Kerala CPM calls the shots again
Thiruvananthapuram: The decision of the CPM central committee not to have an electoral understanding with the Congress on Sunday showed the increasing grip the Kerala unit has on the party. The unit feared that a tie-up would undermine the chances of party candidates in Kerala and benefit the BJP. Finance minister Thomas Isaac, however, wanted the party to take the Bengal situation into consideration while finalising the tactical line. Earlier, senior CPM leader V.S. Achuthanandan had also come out in support of an alliance with Congress.
Sources added that the party's West Bengal unit and a large section of the Tripura unit favoured the resolution moved by Sitaram Yechury which wanted a UPA-I like political alliance where the party extended outside support to the Congress government at the Centre. Since 2014, the CPM has held several meetings of the Politburo and Central Committees to resolve the issue. However, it was ineffective as a section resisted any attempt to water down the party's opposition to neo-liberal economic policies pursued by Congress and other secular parties.

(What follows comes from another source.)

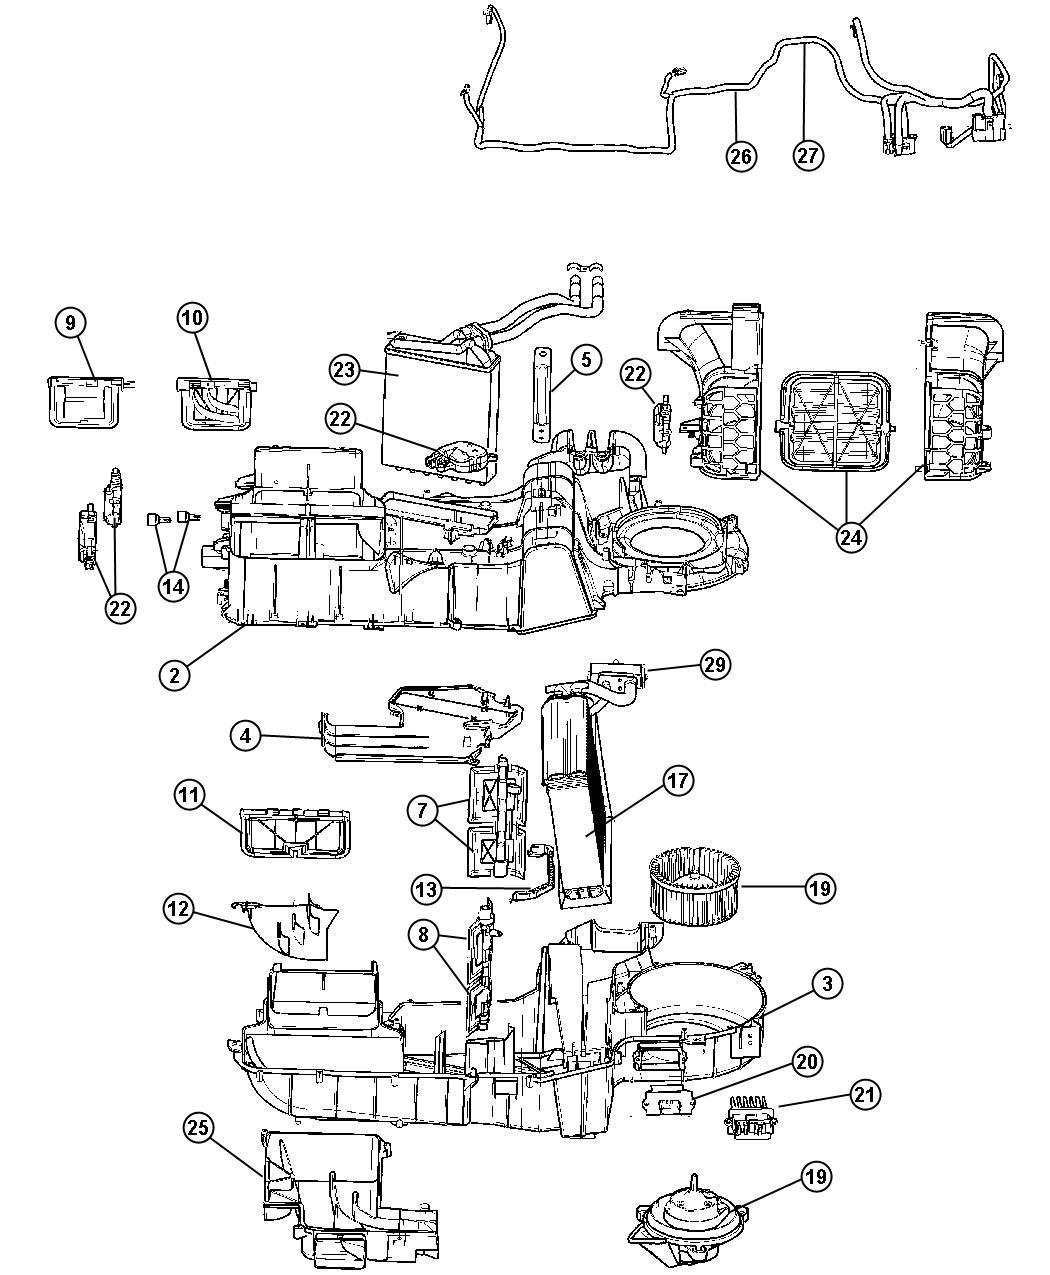 Chrysler Aspen Housing kit. Used for: a/c and heater. [air

Mr Yechury's draft had proposed the formation of a Left Democratic Front as a political alternative comprising all secular forces in the umbrella coalition. Though he had to water down the draft and agreed not to exclude the ruling class parties from the proposed electoral front as a consensus, Karat faction insisted on no truck with Congress policy. The last time the Communists faced two separate drafts was in 1964 and it eventually led to the split of the undivided Communist Party giving birth to the CPM.